*GIVEN INFORMATION*.
--- START ---
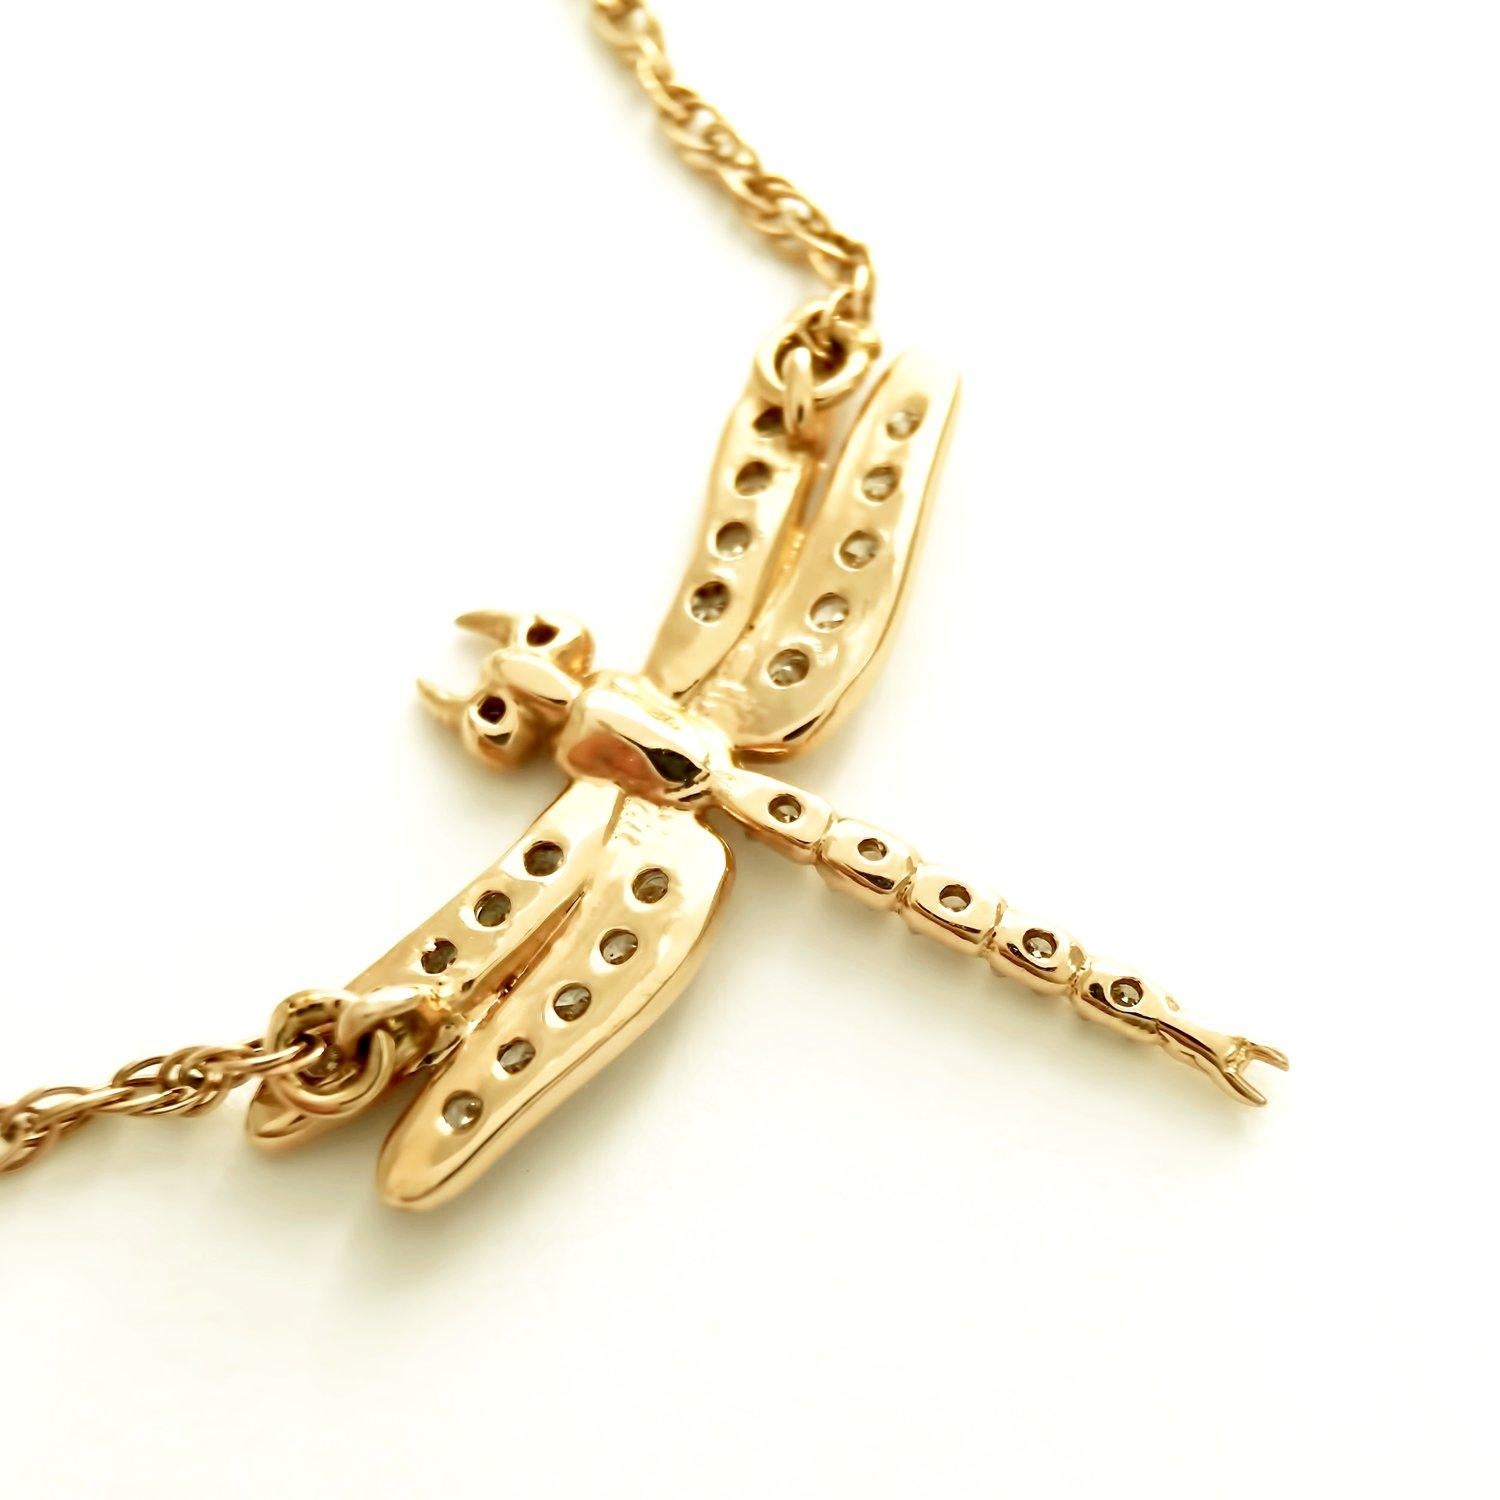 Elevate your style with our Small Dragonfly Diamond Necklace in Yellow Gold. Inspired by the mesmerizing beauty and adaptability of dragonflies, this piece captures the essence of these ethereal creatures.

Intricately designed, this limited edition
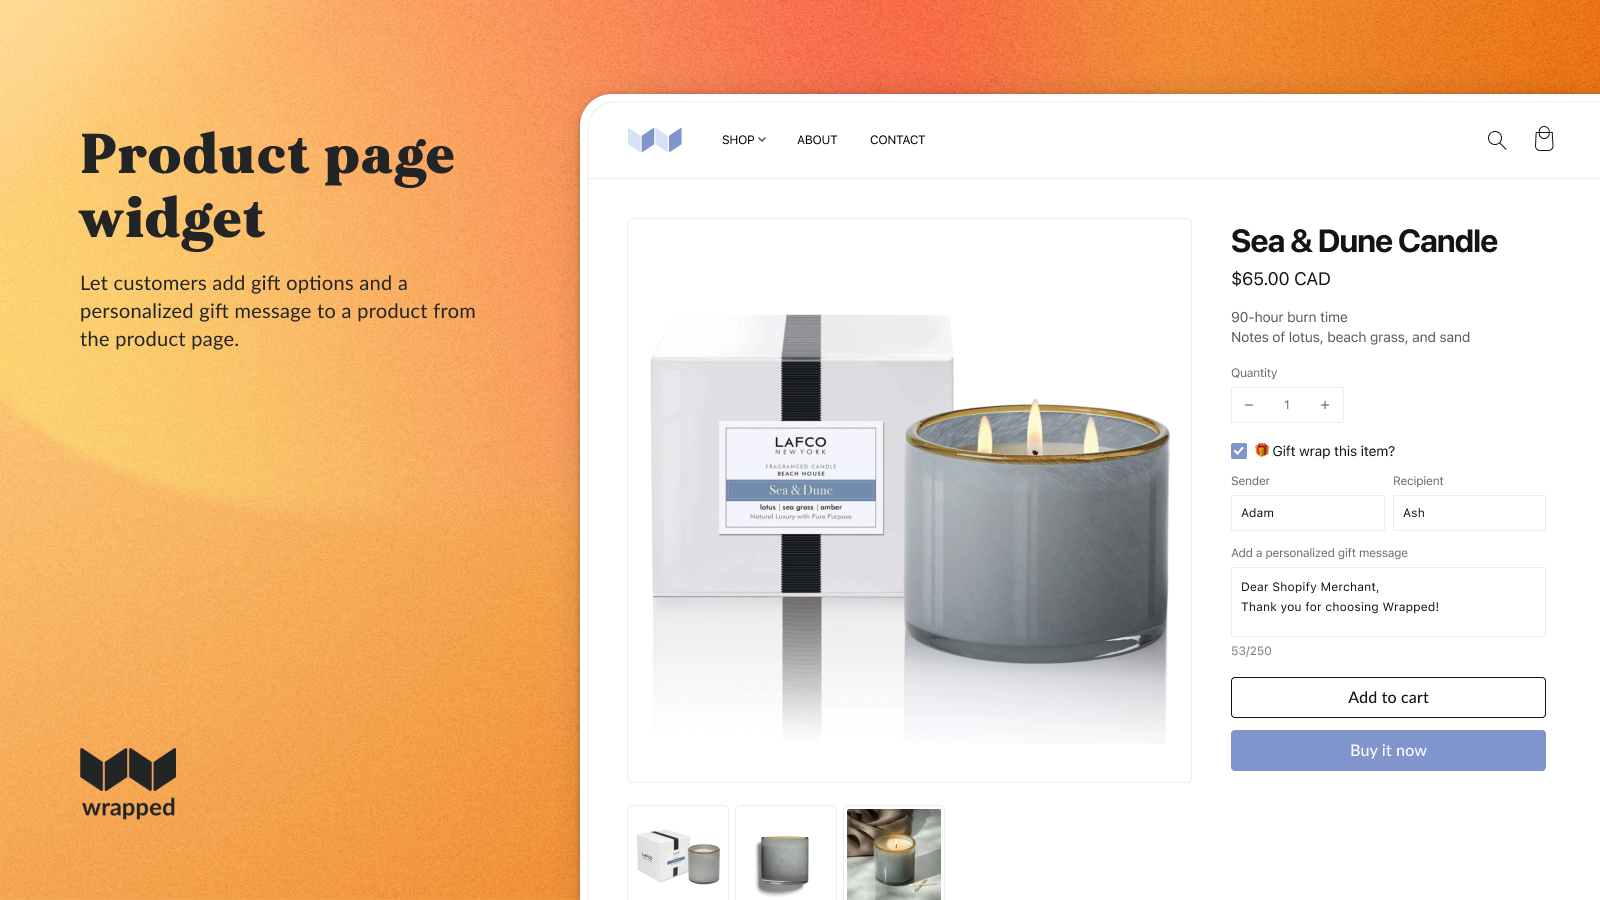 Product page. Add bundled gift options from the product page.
--- END ---
When copying the listing, skip the pictures and keep each line exactly as written.

*ANSWER TO THIS TASK*.
 Elevate your style with our Small Dragonfly Diamond Necklace in Yellow Gold. Inspired by the mesmerizing beauty and adaptability of dragonflies, this piece captures the essence of these ethereal creatures.

Intricately designed, this limited edition
 Product page. Add bundled gift options from the product page.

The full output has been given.